SLEEP | 5 MIN READ
14 Mar How to Find the Best Sleep Position for Your Health
Sometimes it seems finding the best sleep position can be as elusive as capturing a unicorn. Especially on those nights when you think you’ve done everything right to set yourself up for a great night’s sleep, but you still find yourself tossing and turning.
Most of us may have a favorite sleep position that helps us fall asleep initially, but we don’t stay in that same position all night. That’s because many of us are combination sleepers, meaning we change sleep positions throughout the night.

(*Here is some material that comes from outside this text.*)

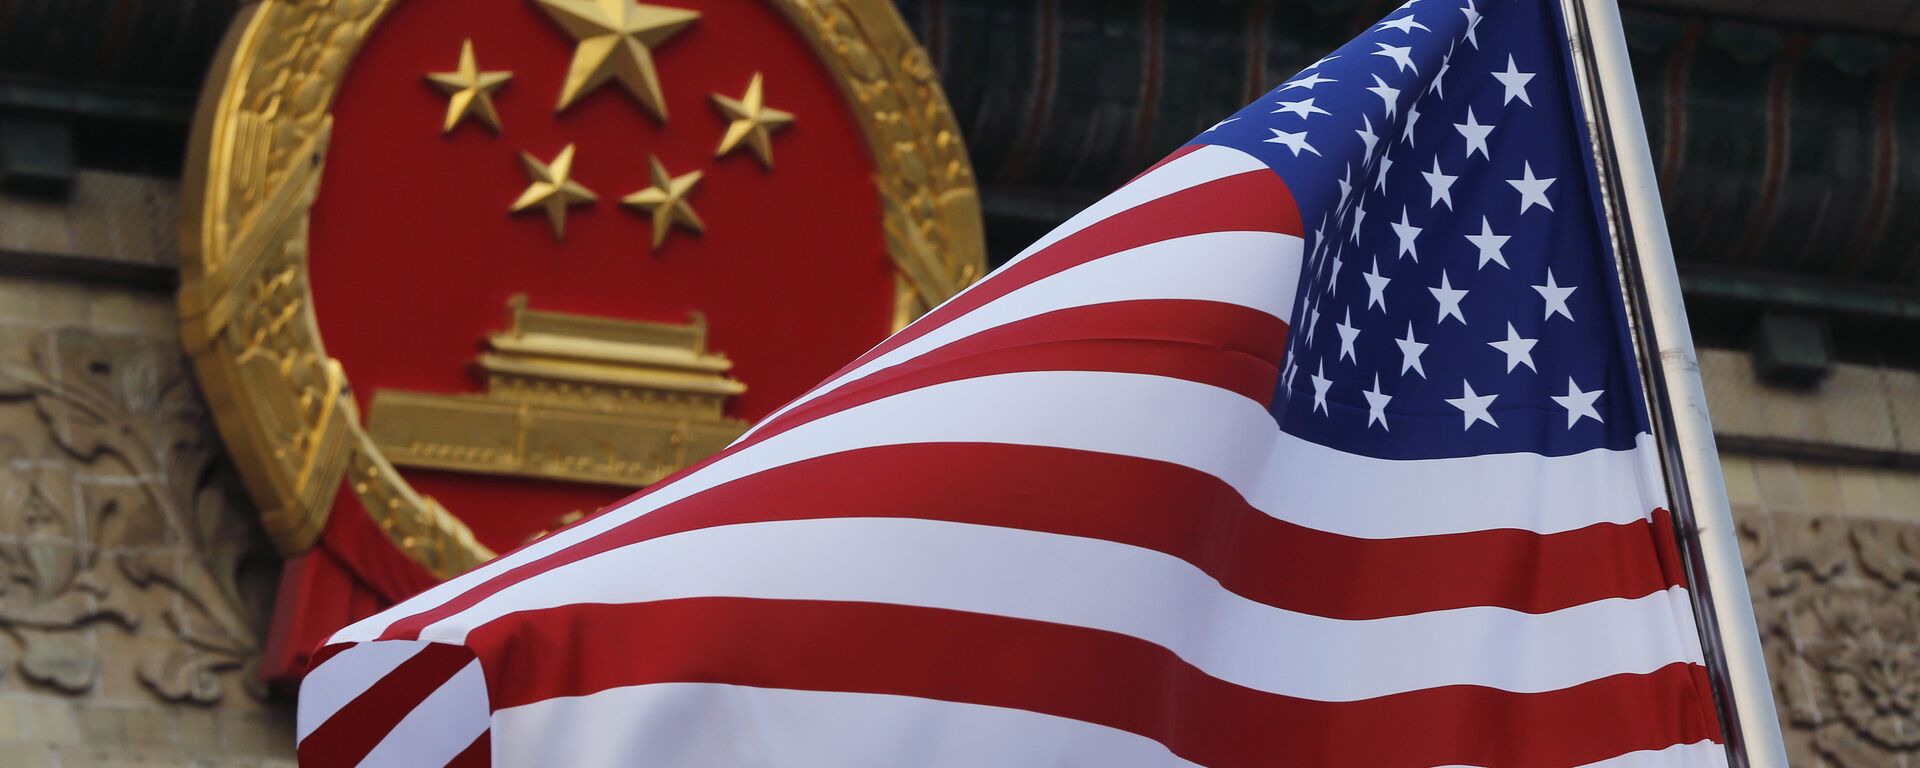 FILE - In this Nov. 9, 2017 file photo, an American flag is flown next to the Chinese national emblem during a welcome ceremony for visiting U.S. President Donald Trump outside the Great Hall of the People in Beijing - Sputnik International, 1920, 23.12.2022

And here’s something many of us don’t realize: our preferred sleep position might be causing health problems or aggravating issues that we didn’t think were affected by the way we sleep. Here are some common sleep positions and their effect on the body:
The Side Sleeper
Did you know that more than 4 out of 10 people favor curling up on their side to sleep? It’s especially popular among women, who are twice as likely as men to sleep in this position. It also happens to be a good position for pregnant women because it prevents the uterus from pressing against the liver and improves circulation to the baby.
The side position allows the spine to rest in a neutral, state, aiding in a natural alignment that reduces pressure. Research says the side, or fetal, position could ward off Alzheimer’s or Parkinson’s. Even better in the side position is to allow yourself to stretch out a little – rather than curled up – to relax the back and open up the lungs to improve breathing.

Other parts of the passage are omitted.